WP17 – Non-interventional study and collection of Real-world-data (RWD)
Impact/relevance
This WP is a prospective, non-interventional umbrella real world study (RWS) that aims to describe the safety and efficacy of allocating patients to standard of care or available clinical trials of targeted anti-cancer drugs in a consecutive group of patients with brain cancer. Known comorbidities for brain cancer include social status, age, gender XYZ. The primary endpoint will be to generate real world data (RWD), which will be analysed and compared with data from the clinical DNOG databases, to produce real world evidence (RWE).
Background
There is a gap between the data from the narrowly focused low-quantity, high-quality interventional studies and lower-quality, high-quantity RWD. Several important issues are missing: (1) precise classification of broad molecular signatures; (2) standardized clinical elements longitudinally tied to molecular data; (3) sufficient quantity of quality data to allow scientific comparison between groups; (4) the ability to analyze and review complex datasets; and (5) the mechanism to evolve interventions as new information is learned. Therefore, prospective, observational trials that include all patients independent of biomarkers and collects comprehensive data on each are needed.1
Access to detailed socio-economic information of each patient in combination with a complete medical history with recording of prescribed medications, history of all hospital admissions and out-patient visits as well as the history of psychiatric diseases will create a core of data, which has no comparison worldwide.
Aims
-To collect RWD by a complete set of clinical, socio-psychological, medico-economics data and biospecimens, including WGS of all patients with brain cancer
-To record the treatment-related adverse events and late effects experienced by patients based on Patient Reported Outcome tools.
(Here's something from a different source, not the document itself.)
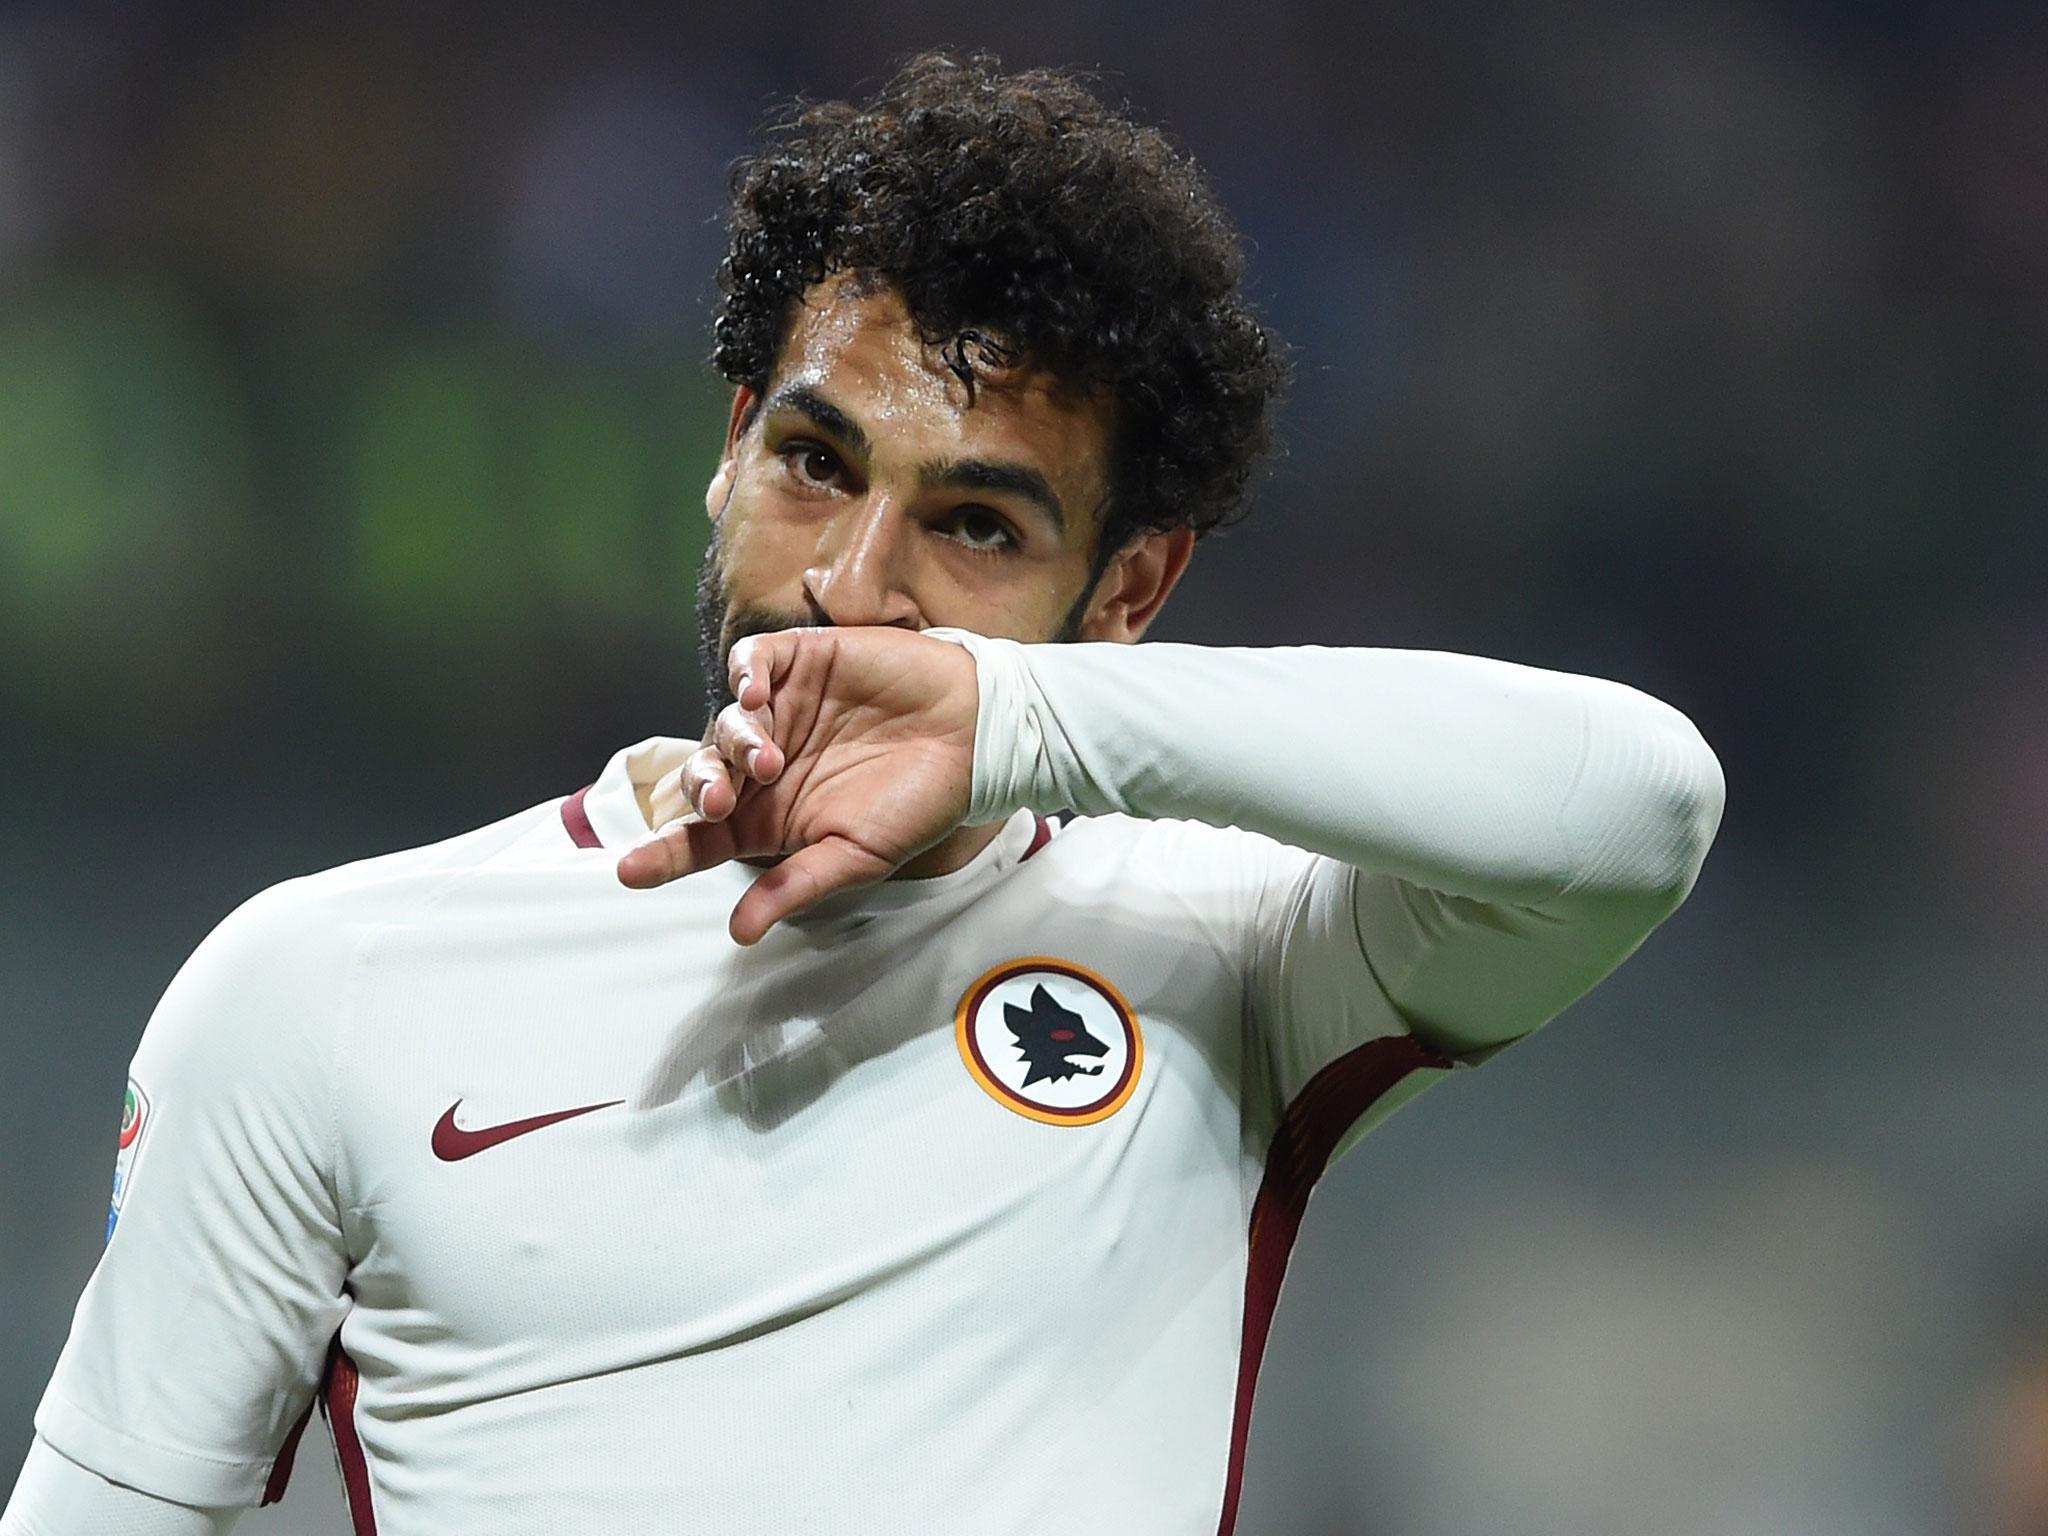 Liverpool are keen to add Mohamed Salah but Roma are standing firm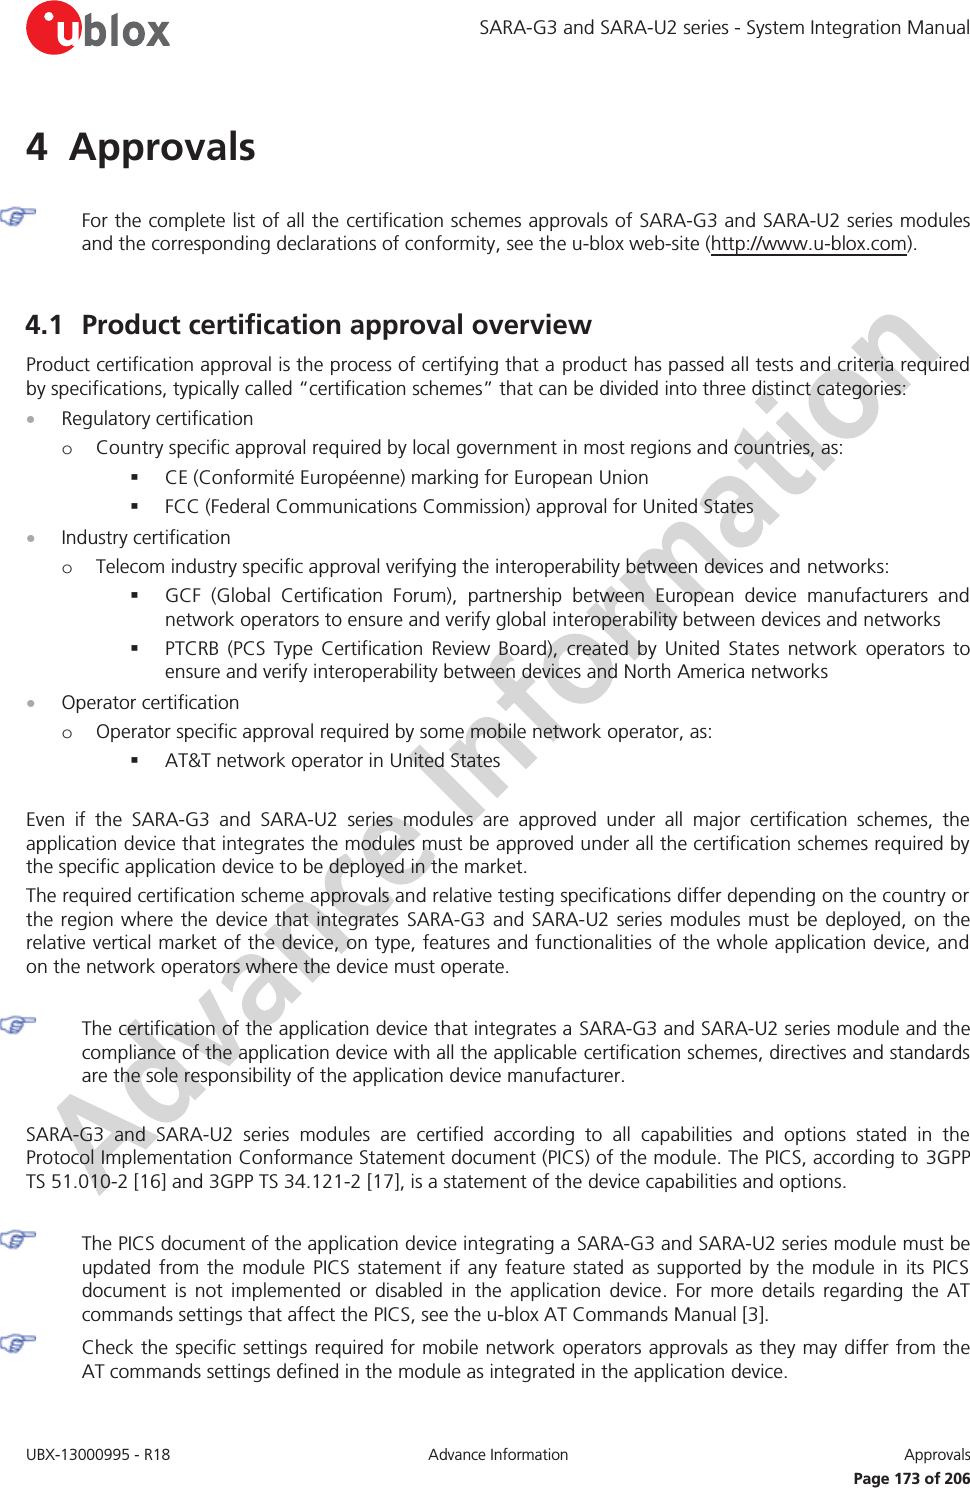 SARA-G3 and SARA-U2 series - System Integration Manual UBX-13000995 - R18  Advance Information  Approvals   Page 173 of 206 4 Approvals   For the complete list of all the certification schemes approvals of SARA-G3 and SARA-U2 series modules and the corresponding declarations of conformity, see the u-blox web-site (http://www.u-blox.com).  4.1 Product certification approval overview Product certification approval is the process of certifying that a product has passed all tests and criteria required by specifications, typically called “certification schemes” that can be divided into three distinct categories: x Regulatory certification o Country specific approval required by local government in most regions and countries, as:  CE (Conformité Européenne) marking for European Union  FCC (Federal Communications Commission) approval for United States x Industry certification o Telecom industry specific approval verifying the interoperability between devices and networks:  GCF (Global Certification Forum), partnership between European device manufacturers and network operators to ensure and verify global interoperability between devices and networks  PTCRB (PCS Type Certification Review Board), created by United States network operators to ensure and verify interoperability between devices and North America networks x Operator certification o Operator specific approval required by some mobile network operator, as:  AT&amp;T network operator in United States  Even if the SARA-G3 and SARA-U2 series modules are approved under all major certification schemes, the application device that integrates the modules must be approved under all the certification schemes required by the specific application device to be deployed in the market. The required certification scheme approvals and relative testing specifications differ depending on the country or the region where the device that integrates SARA-G3 and SARA-U2 series modules must be deployed, on the relative vertical market of the device, on type, features and functionalities of the whole application device, and on the network operators where the device must operate.   The certification of the application device that integrates a SARA-G3 and SARA-U2 series module and the compliance of the application device with all the applicable certification schemes, directives and standards are the sole responsibility of the application device manufacturer.  SARA-G3 and SARA-U2 series modules are certified according to all capabilities and options stated in the Protocol Implementation Conformance Statement document (PICS) of the module. The PICS, according to 3GPP TS 51.010-2 [16] and 3GPP TS 34.121-2 [17], is a statement of the device capabilities and options.   The PICS document of the application device integrating a SARA-G3 and SARA-U2 series module must be updated from the module PICS statement if any feature stated as supported by the module in its PICS document is not implemented or disabled in the application device. For more details regarding the AT commands settings that affect the PICS, see the u-blox AT Commands Manual [3]. Check the specific settings required for mobile network operators approvals as they may differ from the AT commands settings defined in the module as integrated in the application device.

-To perform refined biomarker analyses, including (but not limited to) whole genome sequencing, on a fresh tumour biopsy specimen at baseline and at progression, in order to tailor subsequent therapy.
Methods
Eligible patients will have high-grade glioma and acceptable performance status and organ function. This is a non-interventional study and treatment will be standard of care or an available clinical trial based on informed consent, independent of this study.
The study will collect clinical, socio-psychological, medico-economics data and biospecimens for all patients with high-grade glioma treated in Denmark from 2021-2025 (N=2000-2500). The researchers and clinicians at the departments have long-term experiences with access and use of the Danish nationwide and population-based health and disease registries. By using these data sources, we hope to capture additional information about demographics, comorbidities, medications and treatment trajectories for patients with brain cancer in Denmark
– all factors, which we anticipate may play a role in the outcome of the treatment of the disease. Ultimately, we aim at achieving transformative knowledge, which in our perspective may improve patient care and outcome of the treatment by adding this information into the overall data set.
Patient Reported Outcomes has been known in the clinic for decades. First as anamnestic information in the medical record, then as quality of life information and lately as the subjective information concerning experience of somatic and psychological symptoms.
Adding genomics, clinical data, register based data and patient reported outcomes together makes up the most comprehensive data structure needed for a successful implementation.
Expected outcome
To improve outcome for brain tumour patients. Tumour genome analyses may identify new and better treatment options offered to patients in Umbrella trials as part of the program. Identification of patterns and causes of toxicity and the importance of comorbidity will be implemented after validation.
In addition, preventive measures will be implemented upon identification of important host factors for development of failure as well as acute and late effects.
References
Dickson D, Johnson J, Bergan R, Owens R, Subbiah V, Kurzrock R. The Master Observational Trial: A New Class of Master Protocol to Advance Precision Medicine. Cell. 2020 Jan 9;180(1):9-14.